Ты так любишь эти фильмы - Фигль-Мигль 3 стр.


К. Р.

Случайно придуманный мною профессор древнегреческого всерьёз занимает моё воображение. «Каким он должен быть?» – гадаю я, сочиняя план занятий для девочек или текущий отчёт для Конторы. (Насколько труднее оказалось сочинить человека.) Я вложил в эту забаву столько сил, что начал чувствовать себя двойным агентом, аккуратно и бережно созидающим креатуру для тайной игры против своих хозяев – если бы нашлись в мире силы, готовые заплатить за подрывную деятельность такого рода: древнегреческий versus порядка вещей.

Итак, прежде всего – широкая финансовая независимость. Наследственная или благоприобретенная? С одной стороны, не хочется, чтобы у моего профессора в активе были трудное детство и папа-алкоголик. Однако спецшкола и папа-секретарь горкома оставляют на человеке клеймо едва ли не хуже, и если мне нужен поэт и убийца, душа необузданная, блестящая и во всём высокомерная, не в этот питомник следует обращаться.

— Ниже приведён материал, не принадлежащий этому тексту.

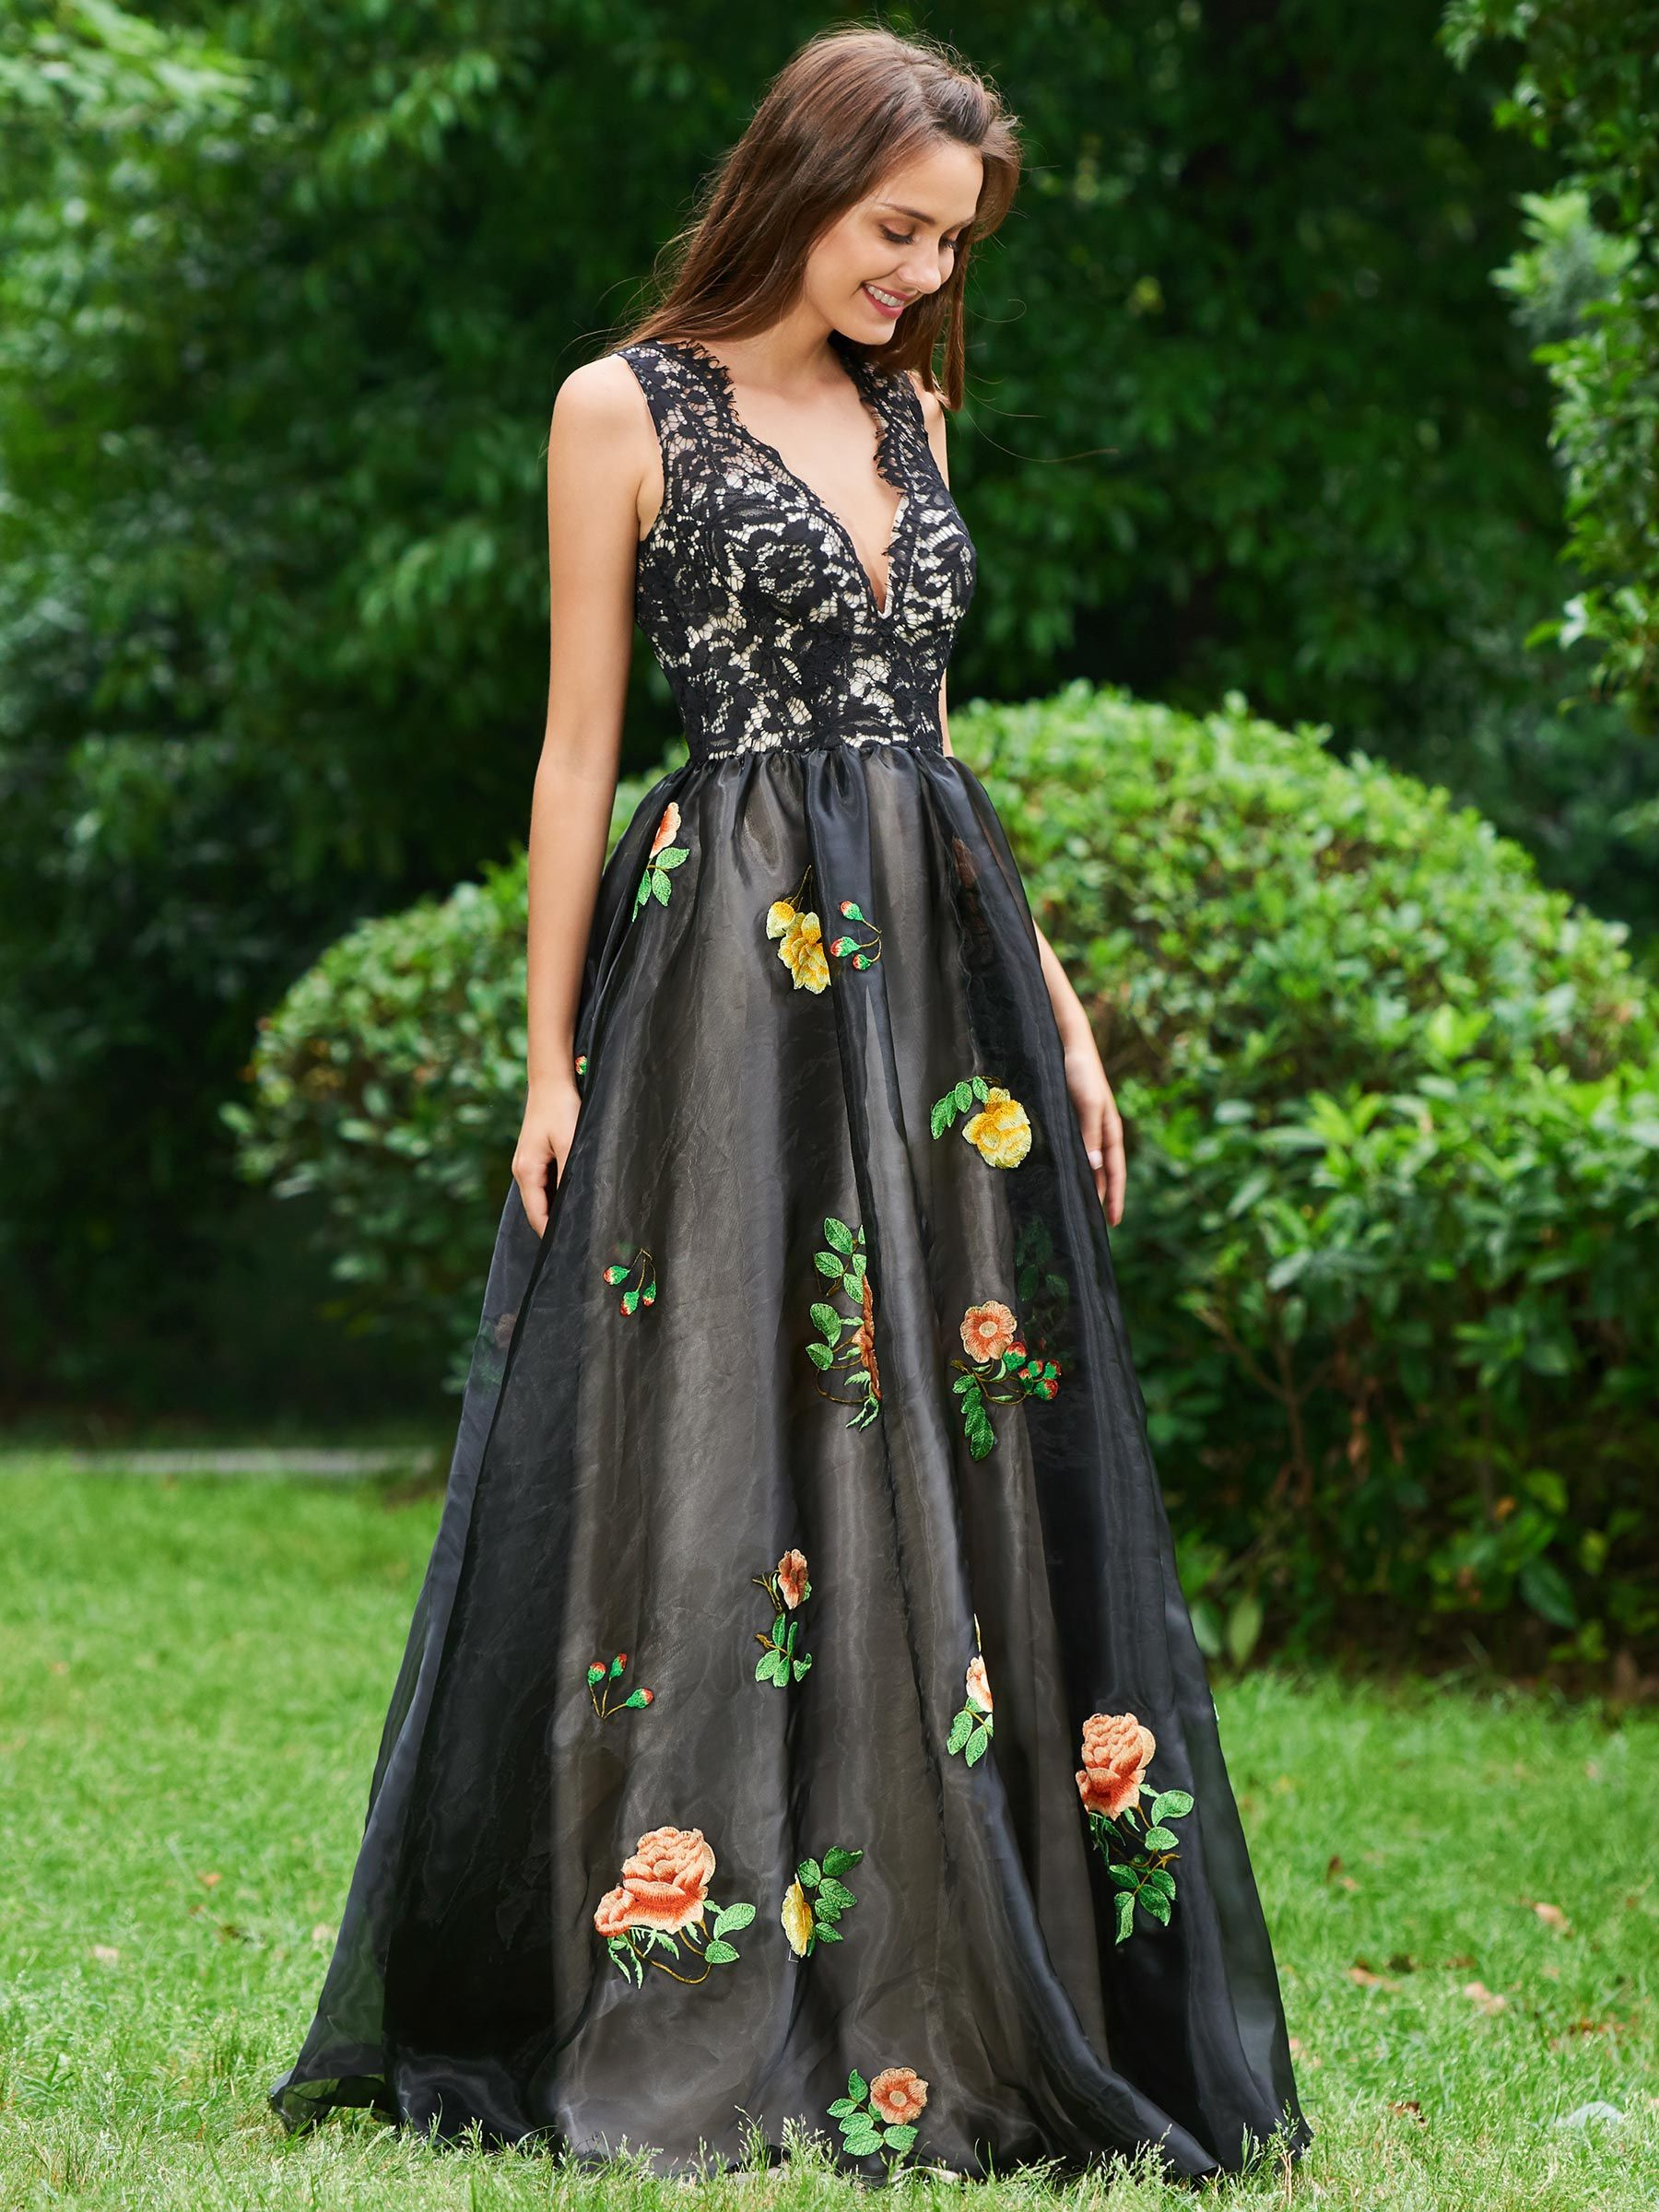 Aline vneck embroidery lace prom dress style pinterest prom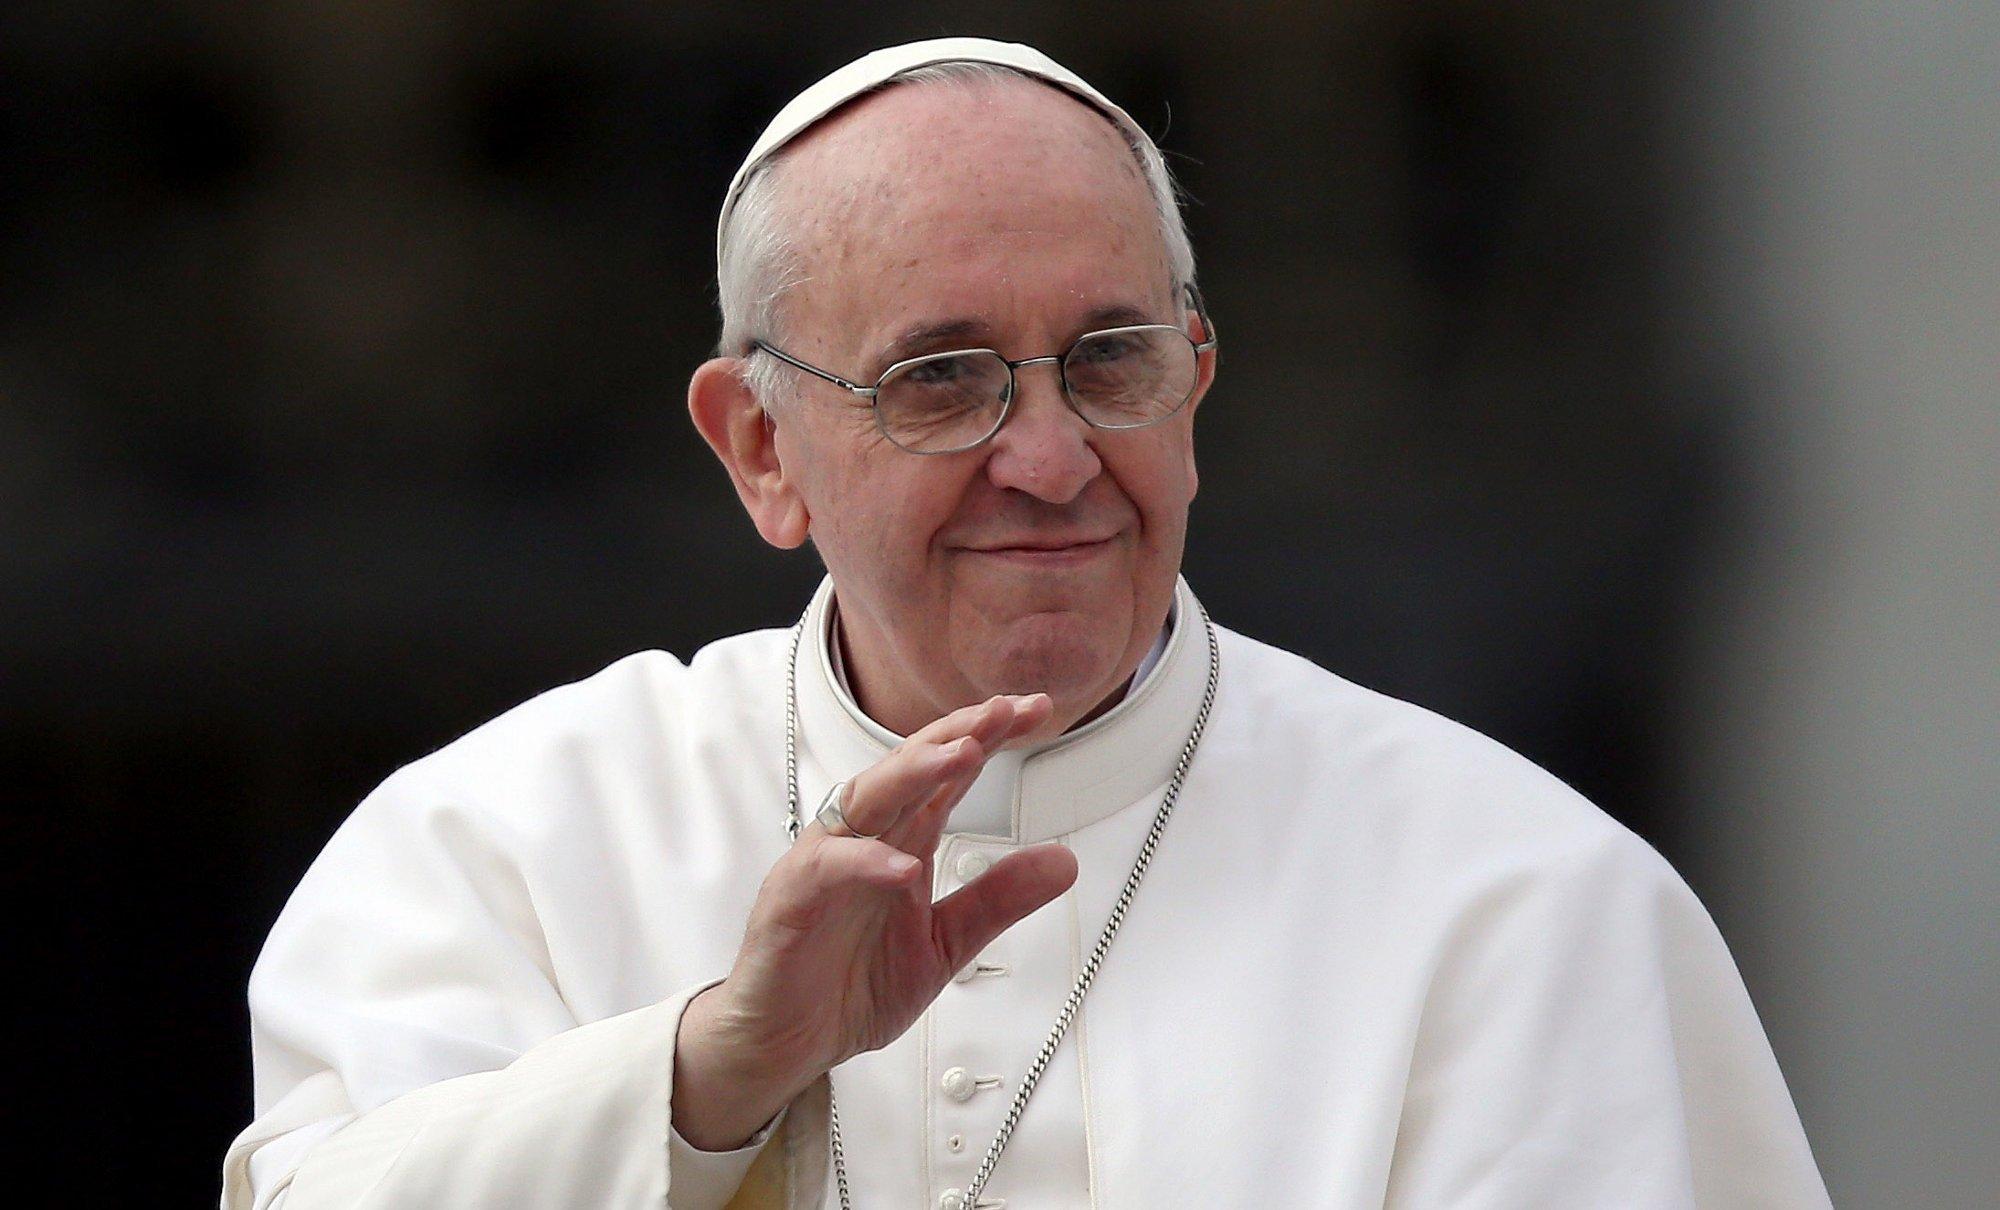 Premoniciones de La Púrpura Negra sobre el Papa Francisco

Единственный выход – сделать вид, что герой явился из ниоткуда, из бессистемного дыхания Бога, из ПТУ с такой же вероятностью, как из спецшколы. (Забавно. Один и тот же термин прилагался и к школе с углублённым изучением иностранных языков, и к школе полутюремного режима для трудновоспитуемых подростков. И мне ли не почувствовать эту тонкую насмешку языка над жизнью – основателю и бессменному директору элитного лицея для девочек, закрытого пансионата, в котором широким ассортиментом цветут барышни-хулиганки.) Возможно, и деньги его – ни-откудашние? Сильнее, чем репутация, пятнается богатство вопросами о происхождении, и если вовремя не замолчать, не заболтать, не налгать с три короба, сокровища запахнут сортиром. Взять хотя бы этот кабинет. Его самоуверенная роскошь уже не расскажет о годах накопления и потерь. Наборный паркет не покается, красное дерево стола и полок не выдаст, бронза письменного прибора не дрогнет; все они промолчат. Даже моя собственная рука, которая так спокойно посверкивает запонкой на столе – не рука, а ещё одна деталь обстановки. (Уж она-то ведает, что творила.) Сверкай, моя милая, слепи глаза памяти. Профессору придётся стать пижоном.

Тук-стук, на пороге появляются завуч Анна Павловна и её бумаги. Порознь они ко мне никогда не ходят. Огромная пачка бумаг увлекает за собой тщедушную старушку, которой очень удобно прятать за бумагами живые стальные глаза. Анна Павловна знает, что всегда настоит на своём, – за исключением мелочей, крошек с барского стола, которыми она считает нужным подкормить моё самолюбие, – и хитрить для этого вовсе не обязательно. Однако ей нравится представлять себя испуганной и робкой, смущаться, трепетать.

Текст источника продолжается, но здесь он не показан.